News & Alerts

Support FWS’ Endangered Listing for Captive Chimpanzees

Posted: June 12, 2013 By: Nate
Support FWS’ Endangered Listing for Captive Chimpanzees

UPDATE: The comment period is closed. In June 2015, the U.S. Fish and Wildlife Service announced it would give the same protections to chimpanzees held in captivity as it does their free-living cousins in Africa! Learn more.

In response to a rulemaking petition submitted by NEAVS, HSUS, and other organizations, the U.S. Fish and Wildlife Service (FWS) has issued a proposed rule that would increase protections for chimpanzees under the Endangered Species Act.

Read NEAVS' comments submitted to FWS here.

Currently, chimpanzees in U.S. captivity – listed only as a threatened species – are deprived of federal protection even though free-living chimpanzees in Africa are listed as endangered. This discrepancy allows for their exploitation in research and other areas of captive use.

The new proposed rule would list both captive and free-living chimpanzees as "endangered." This status would prohibit any research that does not benefit the survival of the chimpanzee species – essentially, nearly all areas of their past biomedical use for purported human health.

USFWS needs to hear from you in support of listing U.S. captive chimpanzees as endangered during its 60-day comment period.
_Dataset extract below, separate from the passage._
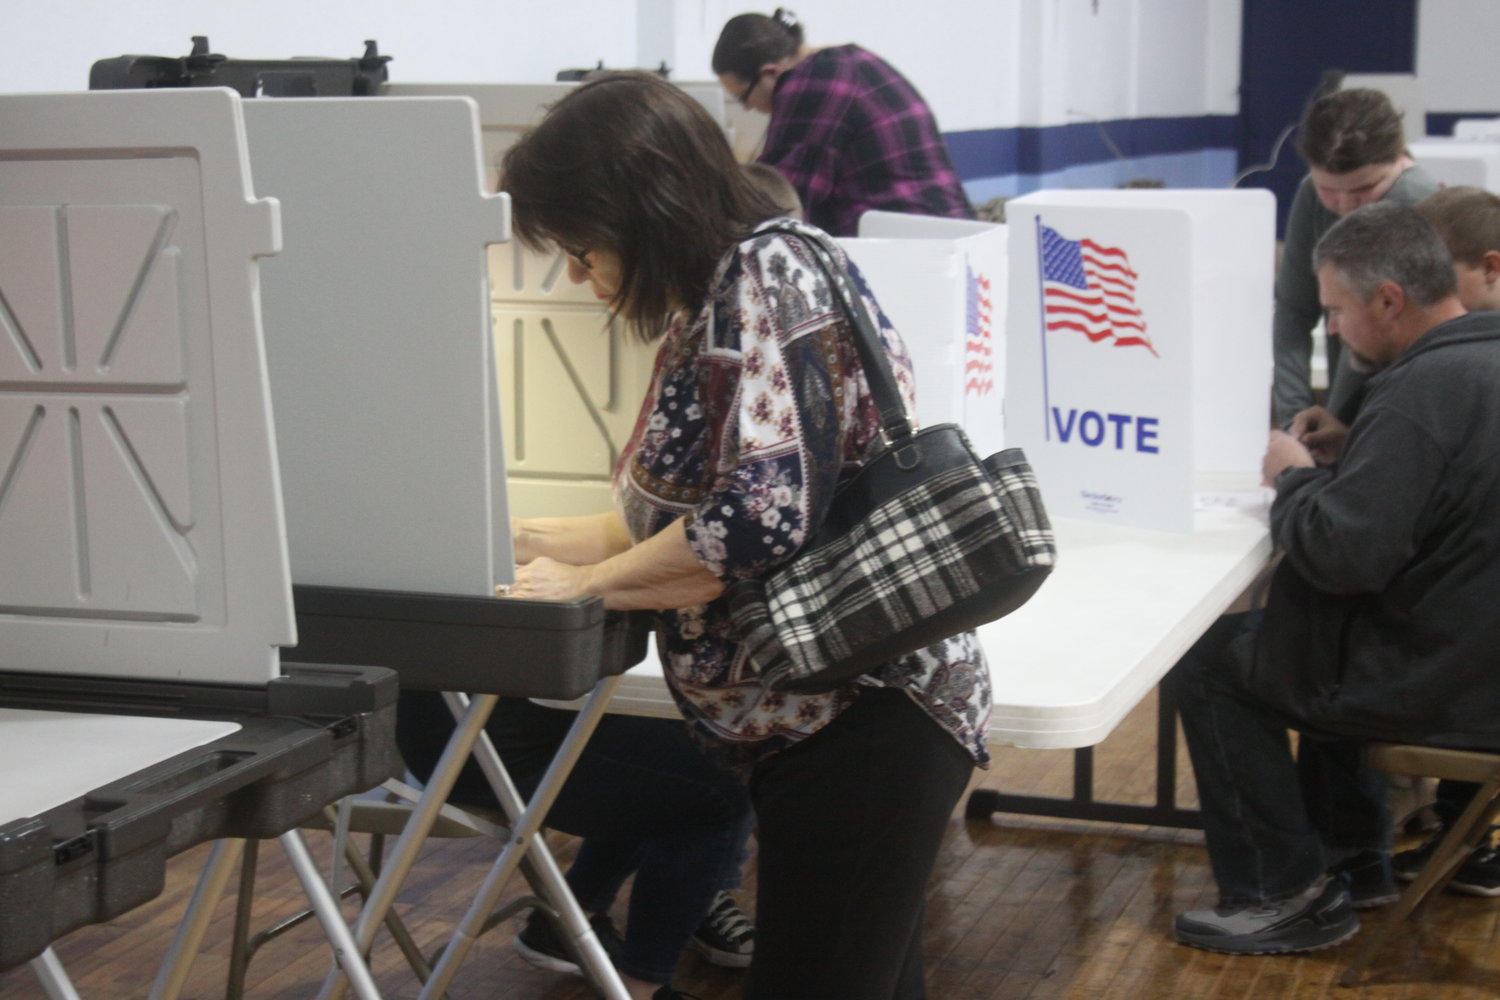 A Montgomery City resident votes during the early morning hours on Nov. 8 at the Knights of Columbus building.

1. Click here to add your comments in support of making the proposed endangered listing a reality!

2. Or, you can submit by mail to:

Public Comments Processing, Attn: FWS–R9–ES–2010–0086
Division of Policy and Directives Management
U.S. Fish and Wildlife Service
4401 N. Fairfax Drive, MS 2042–PDM
Arlington, VA 22203

Your polite and encouraging language can include the following:

Thank you for completing a thorough scientific review of the status of chimpanzees under the Endangered Species Act, and for proposing that all chimpanzees be listed as endangered. I support the proposed rule as it will increase protections for captive chimpanzees in the U.S. and promote species conservation in the wild.

Captive chimpanzees have been sacrificed to research for decades in areas that had limited, no, and even dangerous or counterproductive results to human health. Up-listing them to endangered, whether in captivity or free living, would restrict their unnecessary and unproductive use in research unless it would benefit chimpanzees.

Thank you for your commitment to the survival of chimpanzees as a species, to the right of future generations of humans to know the chimpanzee, and to the humane and dignified protection of chimpanzees in U.S. captivity.

I look forward to your final, and favorable, decision.